A major difference between proteins and surfactants is that proteins are capable of changing their structure during refolding processes in the adsorbed state. It is often reported that these interfacial structure changes increase the surface activity of proteins. In order to investigate this, the surface activity of 5 proteins was determined in foam fractionation experiments, where pH and ionic strength were adjusted separately to gain the maximum surface activity for each protein. Infrared Reflection Absorption Spectroscopy was performed for each protein to analyze the changes in secondary structure after adsorption. In order to investigate quick structural changes, transmission Fourier Transform Infrared spectroscopy was performed to gain information about the secondary structure of the dissolved, non-adsorbed proteins. It was found that most proteins maintain a native-like conformation when adsorbed at the interface. With increasing time, most of the proteins investigated increased the amount of β-sheets at the interface. This slow process went along with a slow increase in surface pressure. A correlation between structural changes on molecular level and surface activity on macroscopic level could not be found. However, the absolute increase of surface pressure at the very beginning of the adsorption process correlated with the surface activity of the proteins, suggesting that the slow processes on molecular level do not have a considerable impact on macroscopic surface activity.

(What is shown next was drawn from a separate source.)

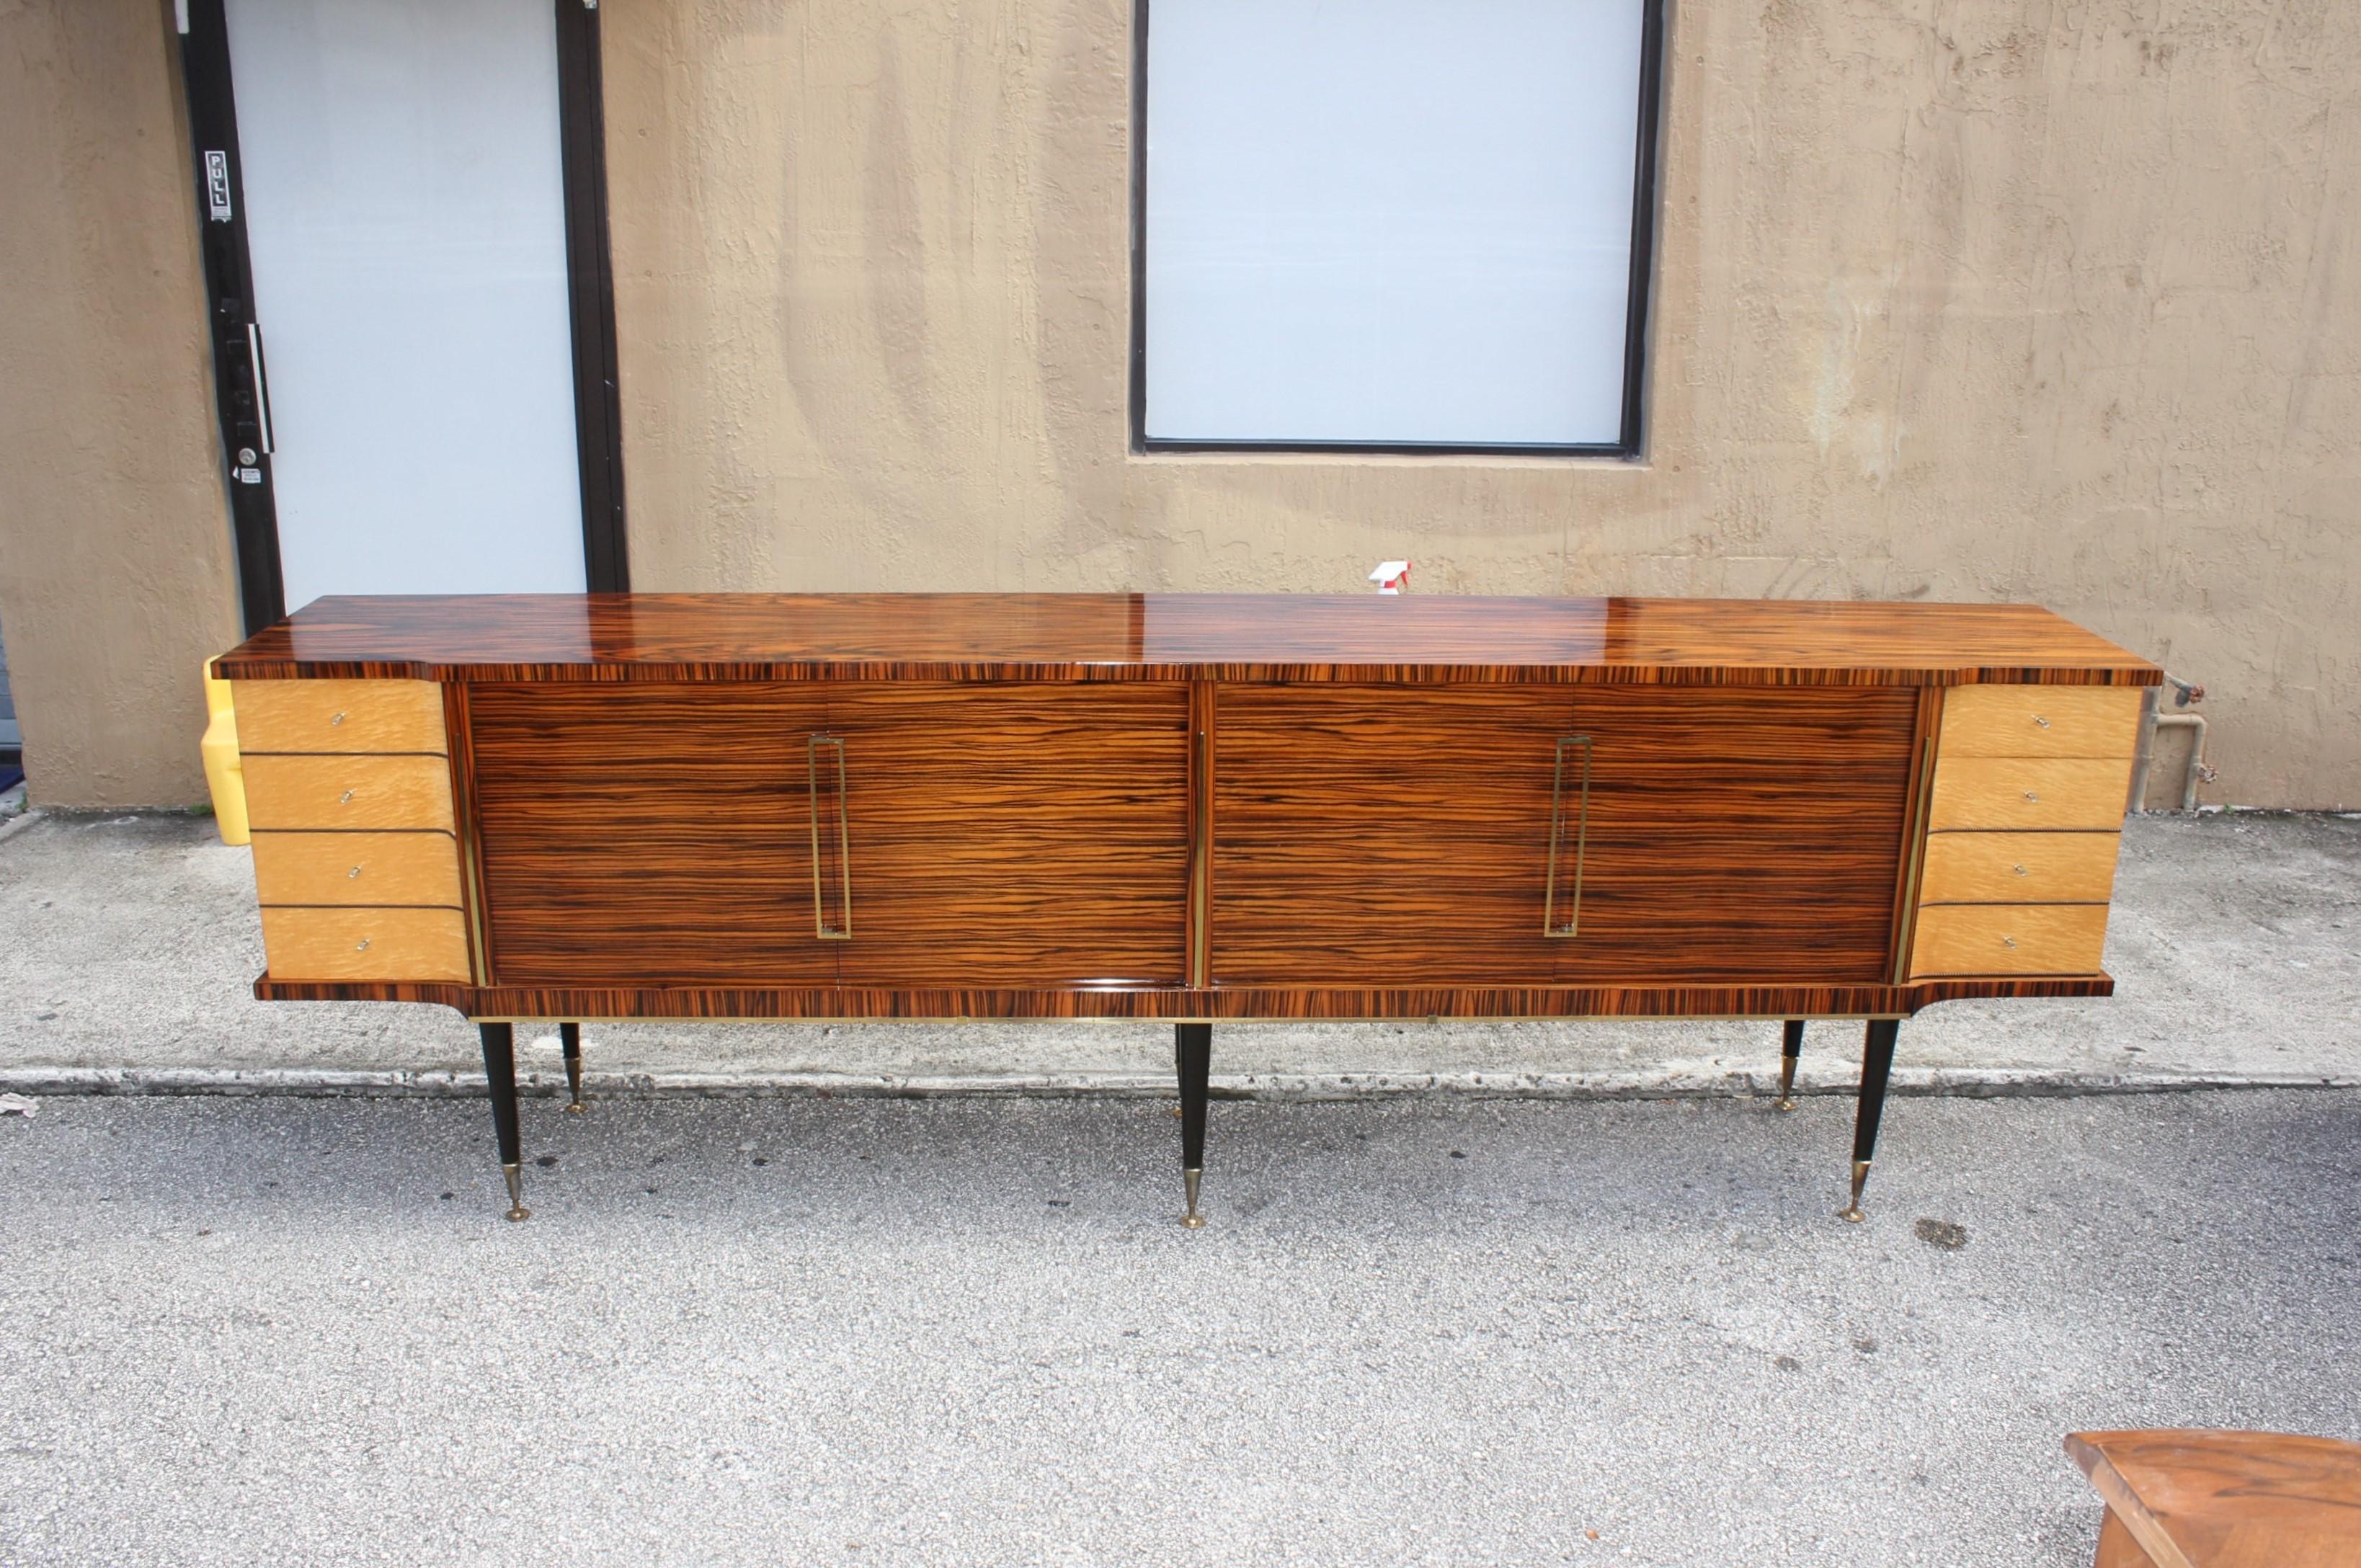 Long French Art Deco exotic Macassar ebony with burl wood sideboard or buffet, circa 1940s. With four drawers burl wood, and the bar door section are in burl wood, two shelves adjustable, and you can remove the shelves if you need more space, six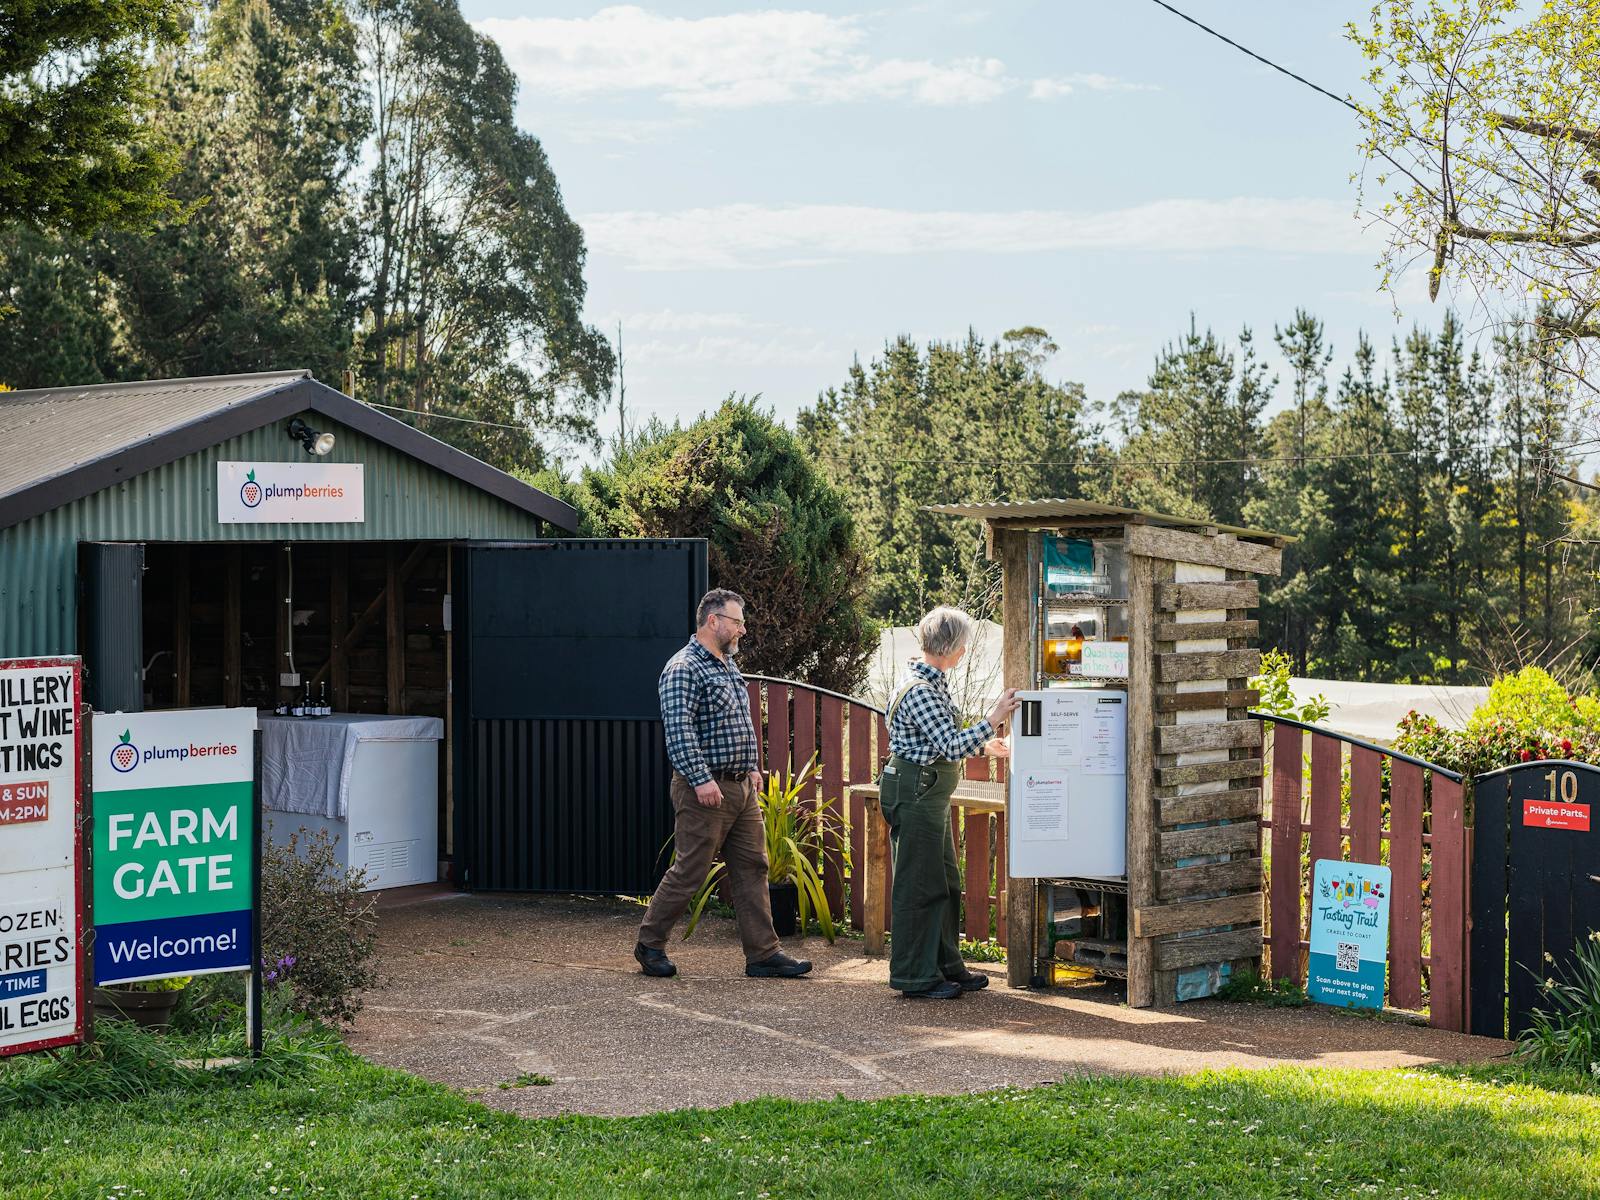 farm gate shed and self-serve station with two people

蛋白质和表面活性剂之间的主要区别在于，蛋白质能够在吸附状态的重折叠过程中改变其结构。经常有报道称，这些界面结构的变化会增加蛋白质的表面活性。为了对此进行研究，在泡沫分级实验中测定了 5 种蛋白质的表面活性，其中分别调节 pH 值和离子强度以获得每种蛋白质的最大表面活性。对每种蛋白质进行红外反射吸收光谱分析，分析吸附后二级结构的变化。为了研究快速的结构变化，我们进行了透射傅里叶变换红外光谱，以获取有关溶解的、未吸附的蛋白质的二级结构的信息。发现当吸附在界面上时，大多数蛋白质保持类似天然的构象。随着时间的增加，大多数研究的蛋白质增加了界面处β-折叠的数量。这个缓慢的过程伴随着表面压力的缓慢增加。未发现分子水平的结构变化与宏观水平的表面活性之间的相关性。然而，吸附过程开始时表面压力的绝对增加与蛋白质的表面活性相关，这表明分子水平上的缓慢过程对宏观表面活性没有显着影响。这个缓慢的过程伴随着表面压力的缓慢增加。未发现分子水平的结构变化与宏观水平的表面活性之间的相关性。然而，吸附过程开始时表面压力的绝对增加与蛋白质的表面活性相关，这表明分子水平上的缓慢过程对宏观表面活性没有显着影响。这个缓慢的过程伴随着表面压力的缓慢增加。未发现分子水平的结构变化与宏观水平的表面活性之间的相关性。然而，吸附过程开始时表面压力的绝对增加与蛋白质的表面活性相关，这表明分子水平上的缓慢过程对宏观表面活性没有显着影响。